To study the effect of additional pretraining on a large-scale image classification dataset, we compare the models trained from scratch with the models trained from ImageNet-pretrained weights in Tableimagenet_results. When contrastive pretraining is not used, ImageNet pretraining results in large performance gains on both Cityscapes and PASCAL VOC 2012 datasets. However, when contrastive pretraining is used, the performance gain due to ImageNet pretraining is limited (only 1.1 points on the Cityscapes dataset and no improvement on the PASCAL VOC 2012 dataset). Also, the results in the second and third rows show that contrastive pretraining, which does not use any additional labels, outperforms ImageNet pretraining (which uses more than a million additional image labels) by 3.8 points on the PASCAL VOC 2012 dataset, and is only slightly worse (1.3 points) on the Cityscapes dataset. These results clearly demonstrate the effectiveness of contrastive pretraining in reducing the need for labeled data.

### Performance on test splits

Tablecity_test shows the performance improvements on the test splits of the Cityscapes and PASCAL VOC 2012 datasets obtained by contrastive pretraining in the fully-supervised setting. Similar to the results on validation splits, label-based contrastive pretraining leads to significant performance improvements on test splits.

Contrastive pretraining Cityscapes
(2975 images) (596 images)
xmark 76.3 64.6
cmark (1.8 \uparrow ) 78.1 (3.4 \uparrow ) 68.0
PASCAL VOC 2012
(10528 images) (2118 images)
xmark 67.1 39.4
cmark (7.8 \uparrow ) 74.9 (21.8 \uparrow ) 61.2

### 在测试拆分上的性能

TableCity_Test 显示了通过在完全监督环境中对比预借预先绘制而获得的城市景观和 Pascal VOC 2012 年测试分割的性能改进。与验证分裂的结果类似，基于标签的对比普雷威预测导致对测试分裂的显着性能改进。

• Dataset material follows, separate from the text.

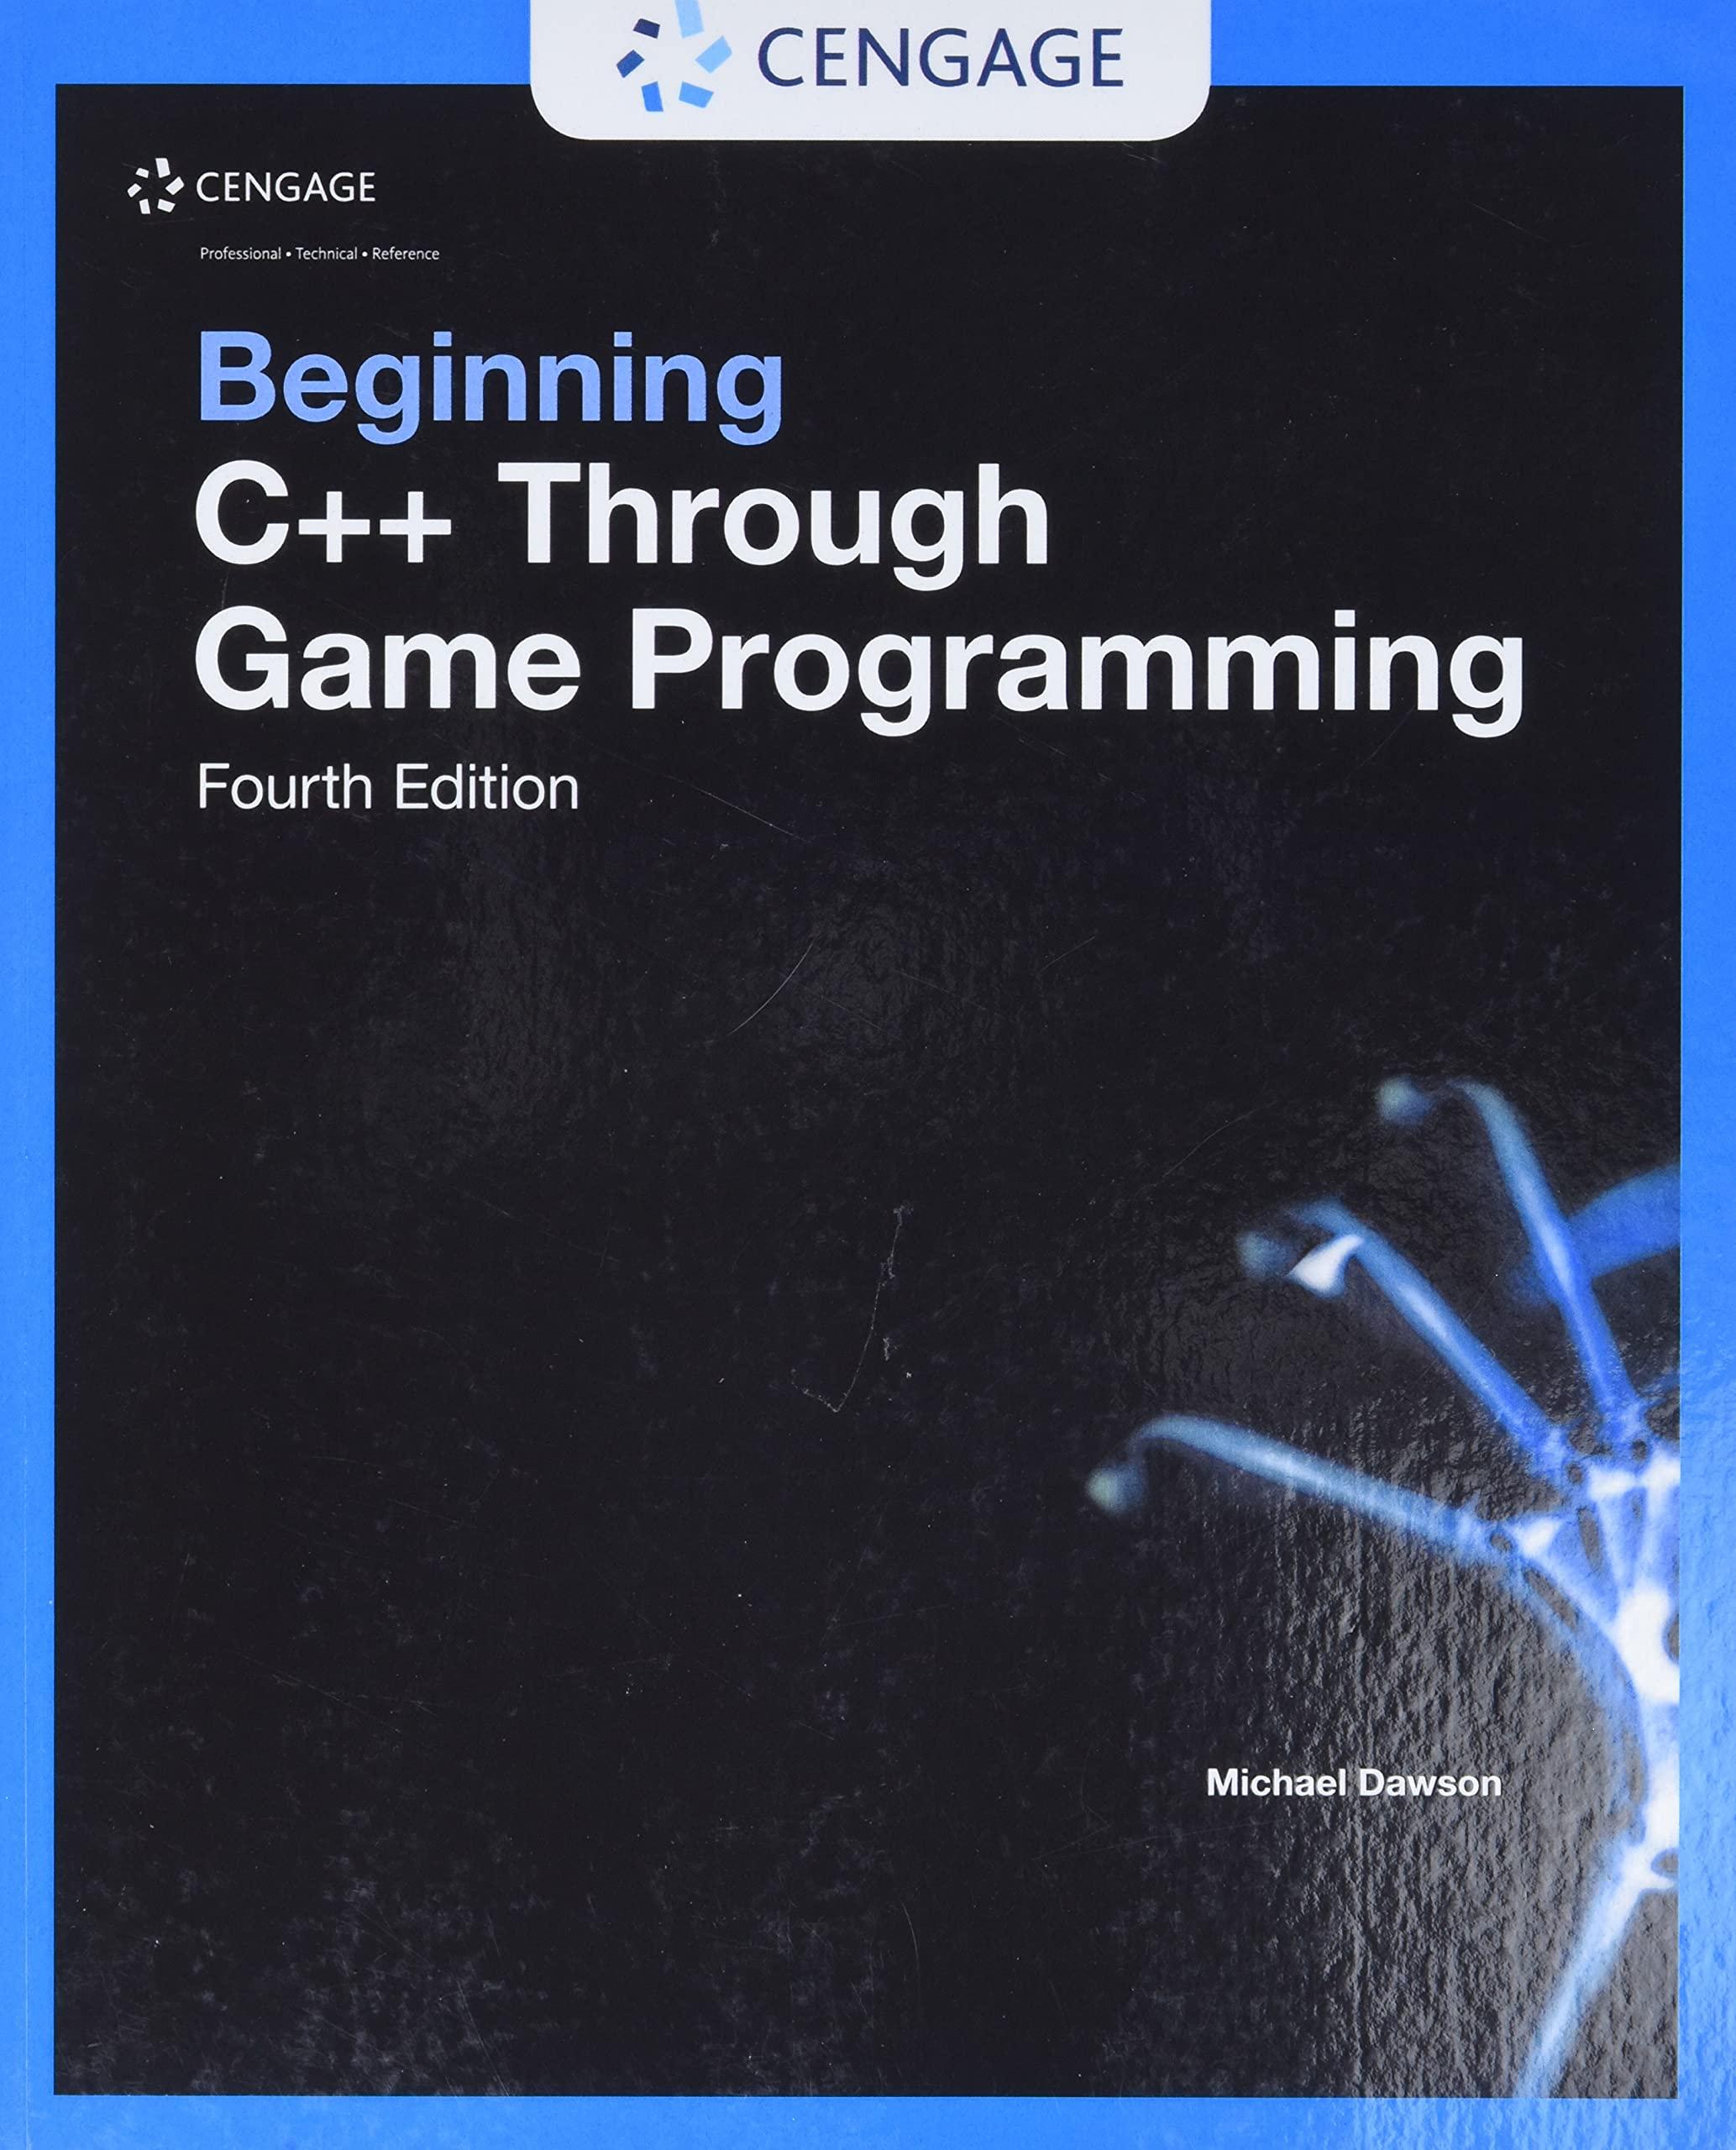 beginning c++ through game programming 4th edition michael dawson 1305109910, 978-1305109919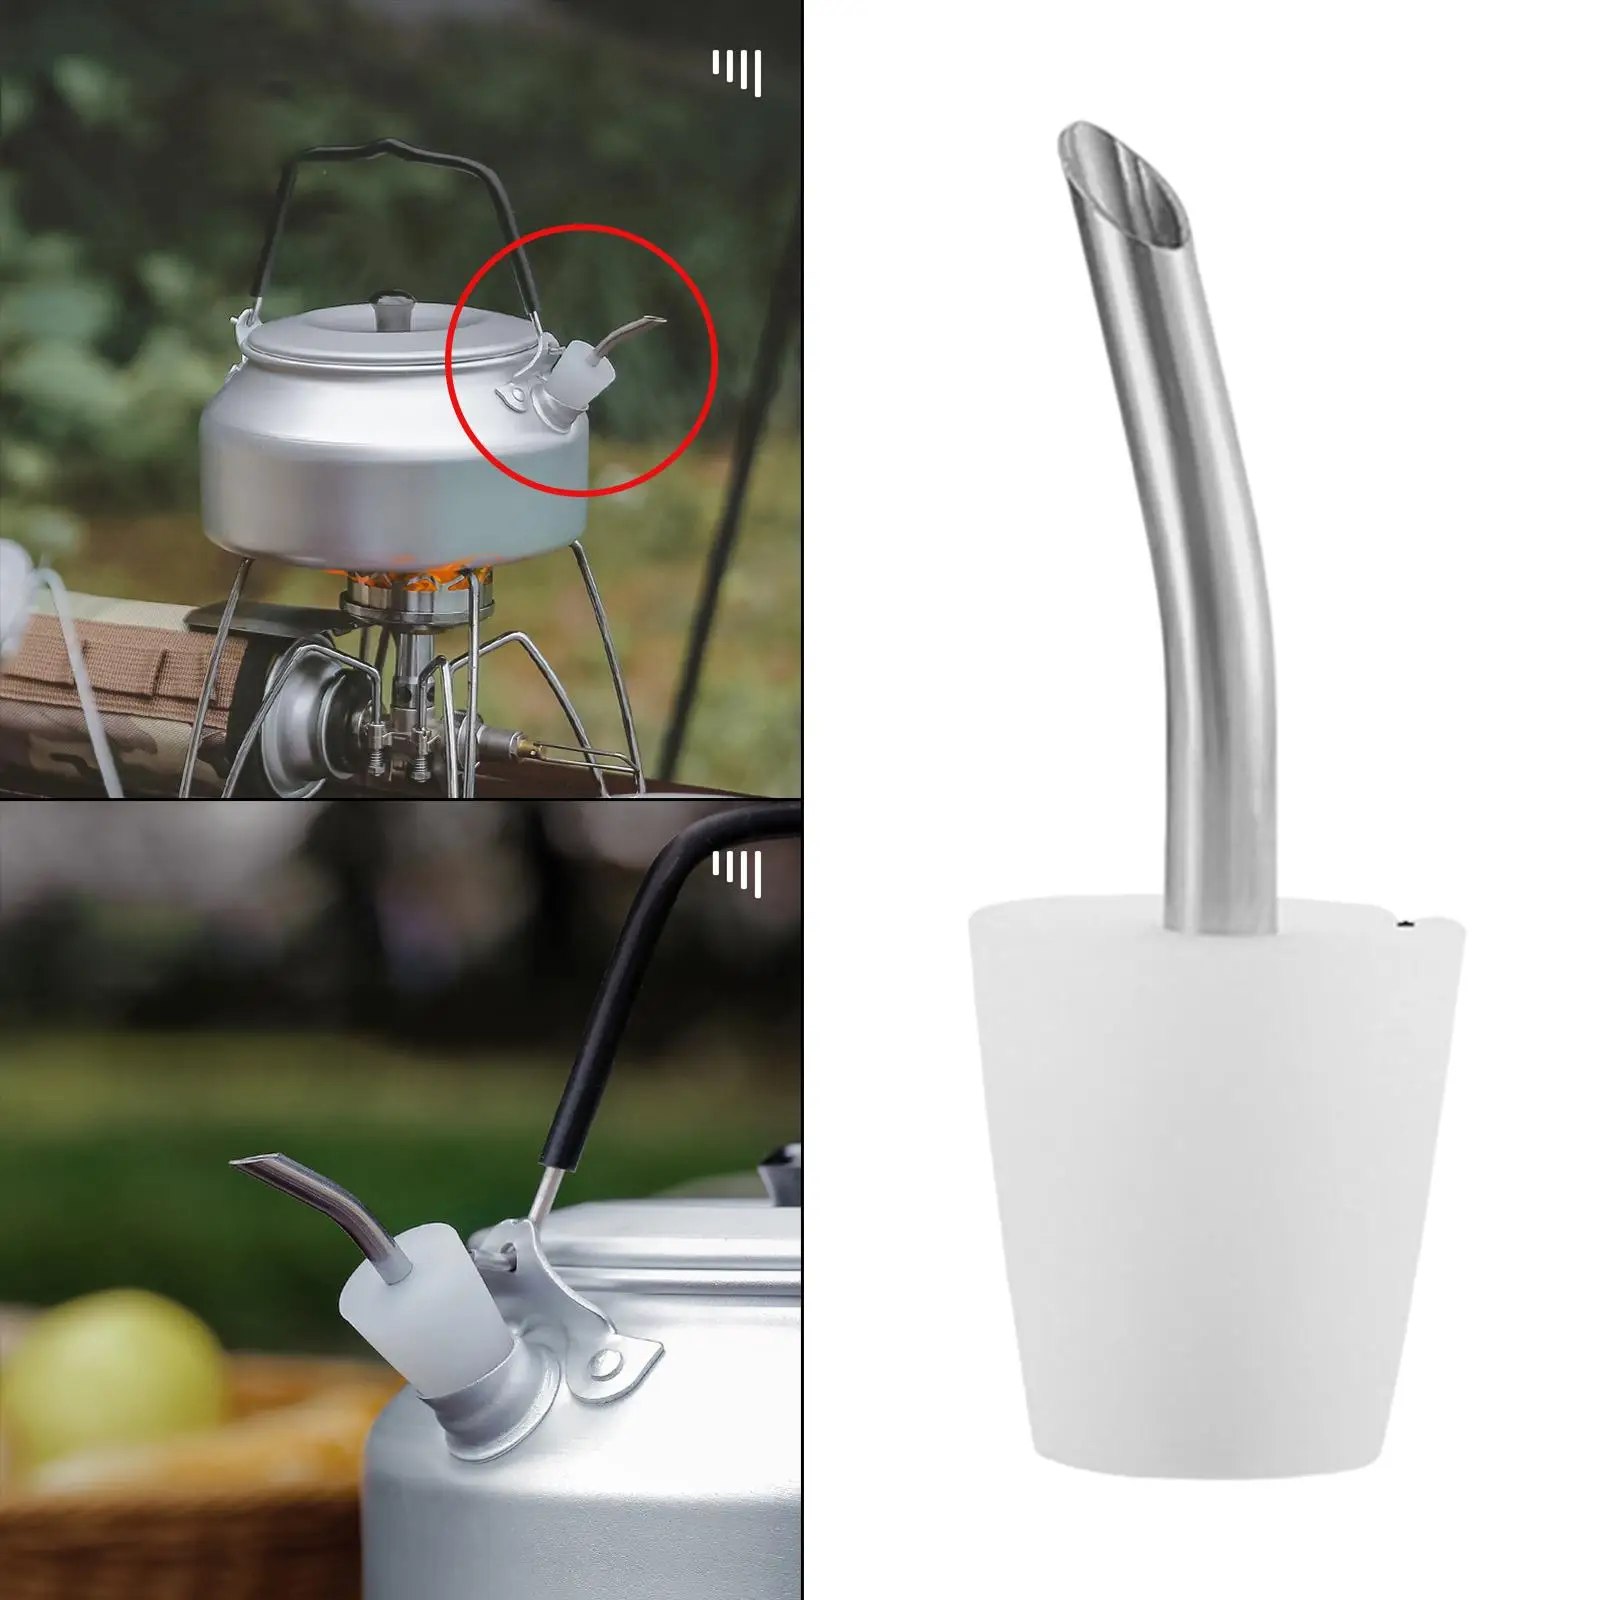 Portable Outdoor Kettle Spout Convert Faucet Replacement Accessories Conversion Water Nozzle Teapot Mouths for Camping Travel

## Conclusions and future work

Deep CNN-based semantic segmentation models trained with cross-entropy loss easily overfit to small amounts of training data, and hence perform poorly when trained with limited labeled data. To address this issue, we proposed a simple and effective contrastive learning-based training strategy in which we first pretrain the feature extractor of the model using a pixel-wise label-based contrastive loss and then fine-tune the entire network including the softmax classifier using the cross-entropy loss. This training approach increases both intra-class compactness and inter-class separability, thereby enabling a better pixel classifier. We performed experiments on two widely-used semantic segmentation datasets, namely, PASCAL VOC 2012 and Cityscapes, in both fully-supervised and semi-supervised settings. In both settings, we achieved large performance gains on both datasets by using contrastive pretraining, especially when the amount of labeled data is limited. In this work, we used a simple pseudo labeling-based approach to leverage unlabeled images in the semi-supervised setting. We thank Yukun Zhu and Liang-Chieh Chen from Google for their support with the DeepLab codebase.